Extracted records:
==*==

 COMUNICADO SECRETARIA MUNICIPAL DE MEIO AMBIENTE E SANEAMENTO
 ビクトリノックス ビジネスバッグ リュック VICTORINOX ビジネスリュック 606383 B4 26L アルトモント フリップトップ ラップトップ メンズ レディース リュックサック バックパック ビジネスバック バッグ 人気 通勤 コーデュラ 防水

==*==

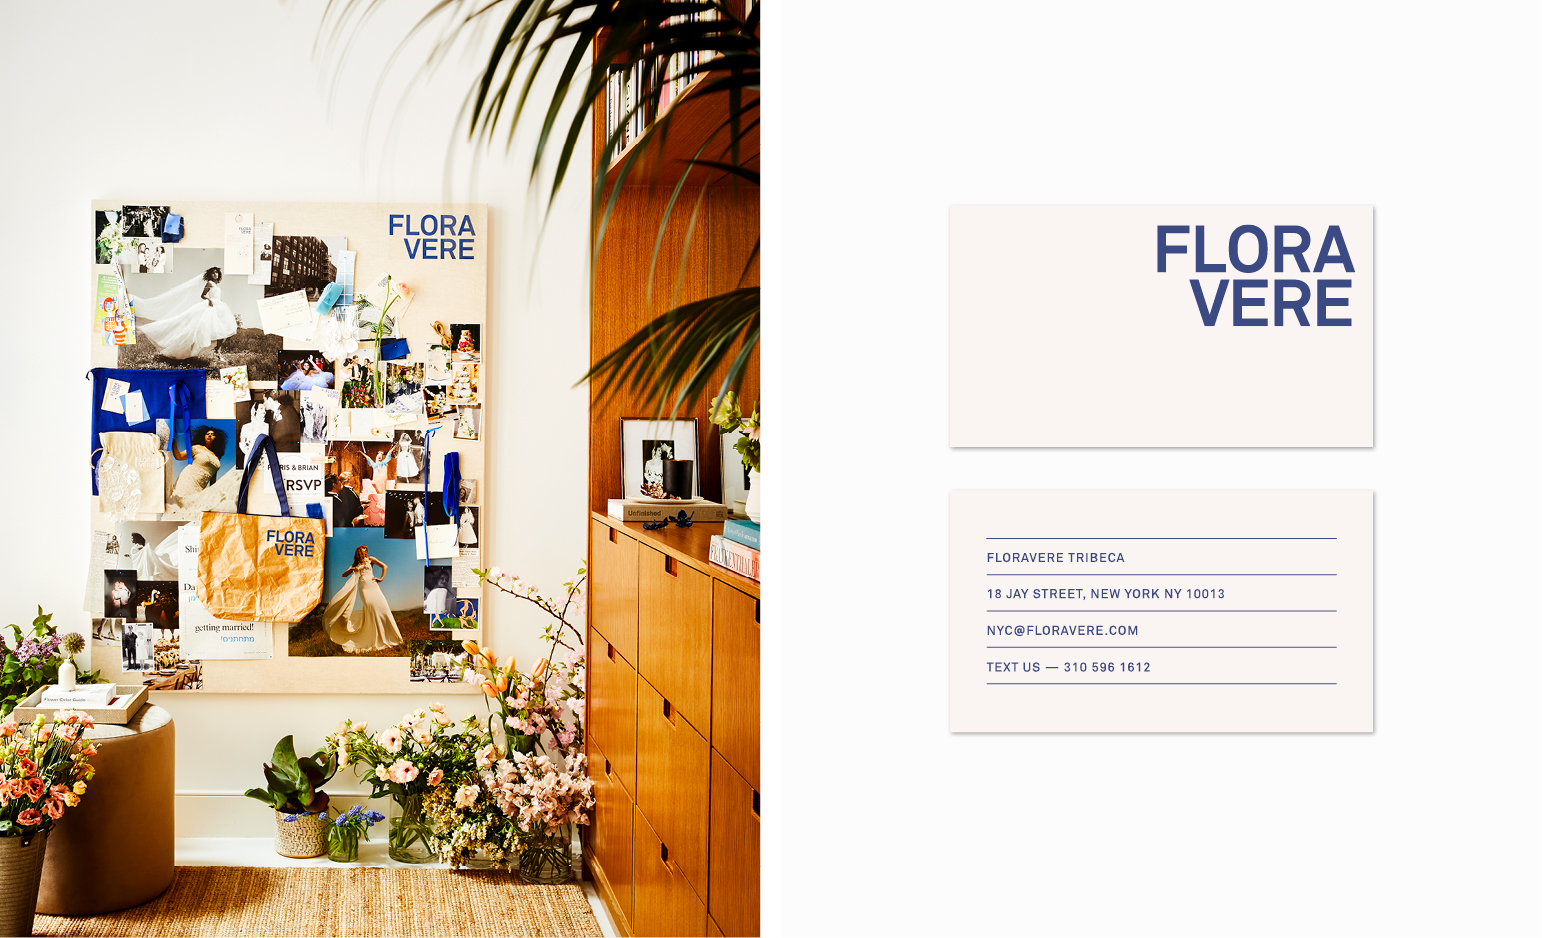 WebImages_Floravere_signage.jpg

==*==

Exercise details: The response should be the listing above, limited to the lines between the one holding "COMUNICADO SECRETARIA MUNICIPAL" and the one holding "ビクトリノックス ビジネスバッグ リュック", inclusive, reproduced exactly.

Written response:
 COMUNICADO SECRETARIA MUNICIPAL DE MEIO AMBIENTE E SANEAMENTO
 ビクトリノックス ビジネスバッグ リュック VICTORINOX ビジネスリュック 606383 B4 26L アルトモント フリップトップ ラップトップ メンズ レディース リュックサック バックパック ビジネスバック バッグ 人気 通勤 コーデュラ 防水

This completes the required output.